For this homework you will implement a search-based agent to play the Wumpus World game. The file “wumpus-search.zip” that accompanies this homework provides an A* search, but you will need to implement the heuristic function. The search algorithm is implemented in the files Search.h, Search.cc and Search.py. The zip file also includes modified Agent.h, Agent.cc and Agent.py files that demonstrate the use of the search capability. Copy all these files, including the updated Makefile, to a copy of the simulator code and recompile to use the search capability. You will mainly need to use the following three methods of the SearchEngine class:
AddSafeLocation(x,y) – Adds a location to the search engine’s list of safe locations. The search engine considers only safe locations in its solution.
RemoveSafeLocation(x,y) – Removes a safe location from the search engine’s list of safe locations (e.g., in case a previously-thought safe location turns out to be unsafe).

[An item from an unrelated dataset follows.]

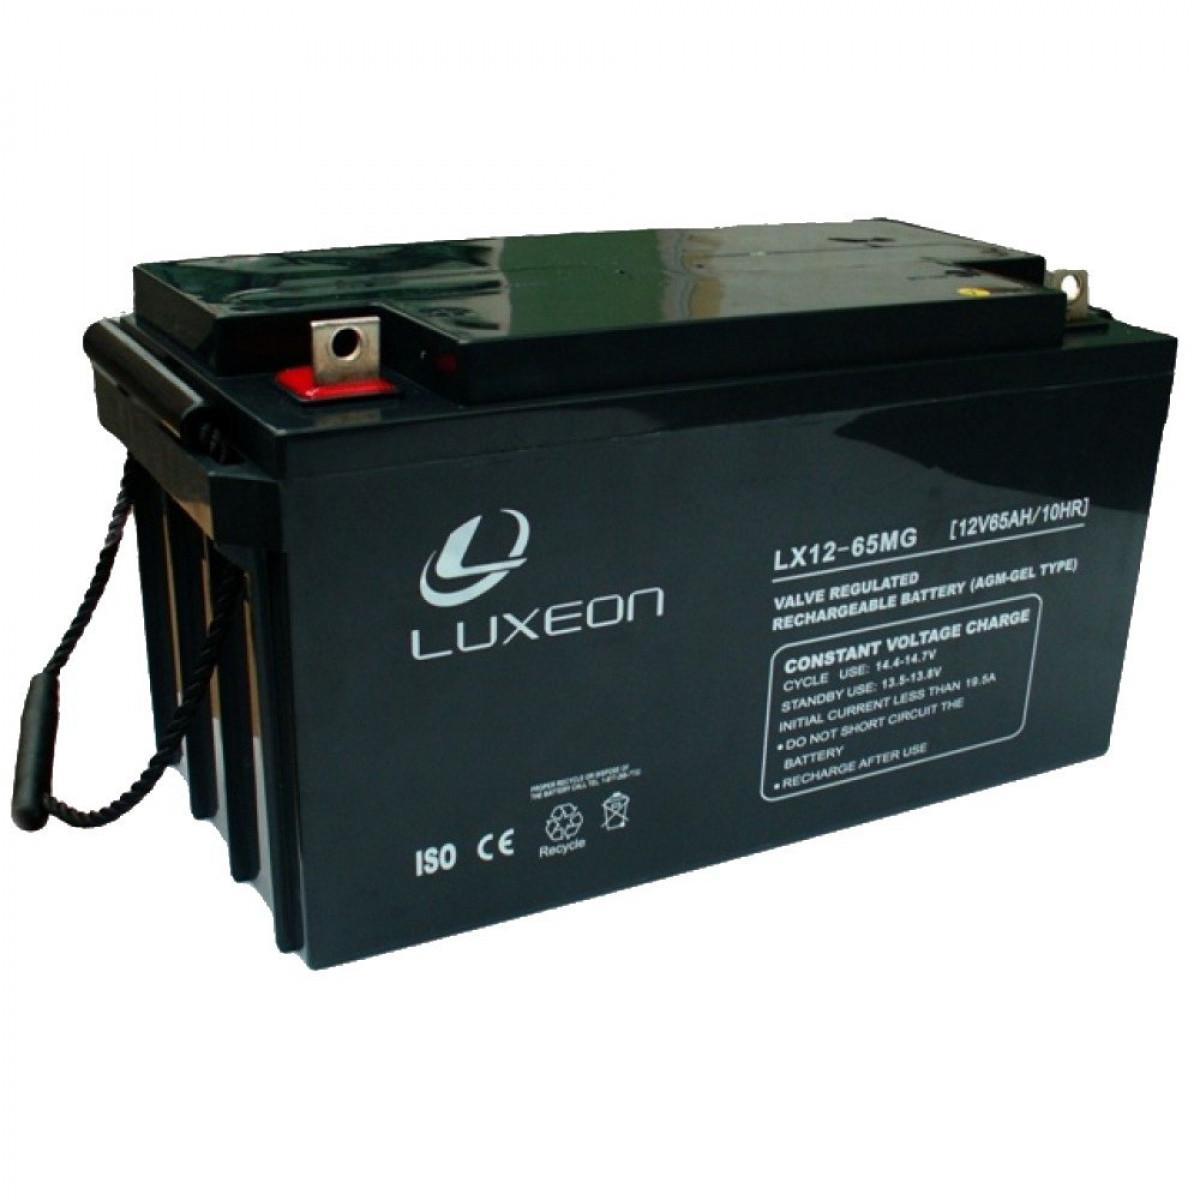 Аккумуляторная батарея Luxeon LX12-65MG 65Ач

FindPath(startLocation,startOrientation,goalLocation,goalOrientation) – Returns a list of actions to get from the start state to the goal state. If no safe path is possible, then returns an empty list.
Your agent should do the following (and only the following).
Implement the class MySearchEngine derived from the provided SearchEngine class. Your MySearchEngine class only needs to implement the HeuristicFunction method. This method should compute the city-block distance between the locations in the given state and goalState See the SearchState class for how to access the location of a state.
In addition to the agent’s state information, you should also keep track of the gold location, visited locations, and safe locations, as this information becomes known. You will be playing each world for multiple tries, so keeping track of what you learned from previous tries is useful (and required).
You should update location information as you visit new locations:If you perceive a glitter, then set gold location to current location.
Add current location to safe locations. If no breeze or stench, then add adjacent locations to safe locations. 1
Add current location to visited locations.
If your agent dies from doing a GoForward into a pit or the Wumpus, then update safe locations accordingly.
If you perceive a glitter, then Grab.
If you have the gold and are in the (1,1) location, then Climb.
If you know the gold’s location, and you don’t have the gold, then use the search engine to find a sequence of actions to get there.
If you have the gold, but aren’t in the (1,1) location, then use the search engine to find a sequence of actions to get to (1,1).
Otherwise, determine a safe unvisited location and use the search engine to find a sequence of actions to get there.
Your agent should be implemented entirely in the Agent.h and Agent.cc files (for C++ implementations) or the Agent.py file (for Python implementations). You may also include an optional readme.txt file with any extra instructions for compiling and running your agent. Your agent should not require any user input. Your agent will be tested by copying only your Agent.h and Agent.cc files, or Agent.py file, into a fresh copy of the simulator code (that includes the new Makefile, Search.h, Search.cc and Search.py), and compiling and running it on several test worlds. Your grade will be based on satisfying the above requirements, good programming style, and your agent’s average scores on the test worlds.
The test worlds will adhere to the following constraints:
The world size can vary from 3x3 to 9x9.
The gold will never be co-located with the Wumpus or a pit.
There will always be a safe path to the gold that does not require shooting the Wumpus.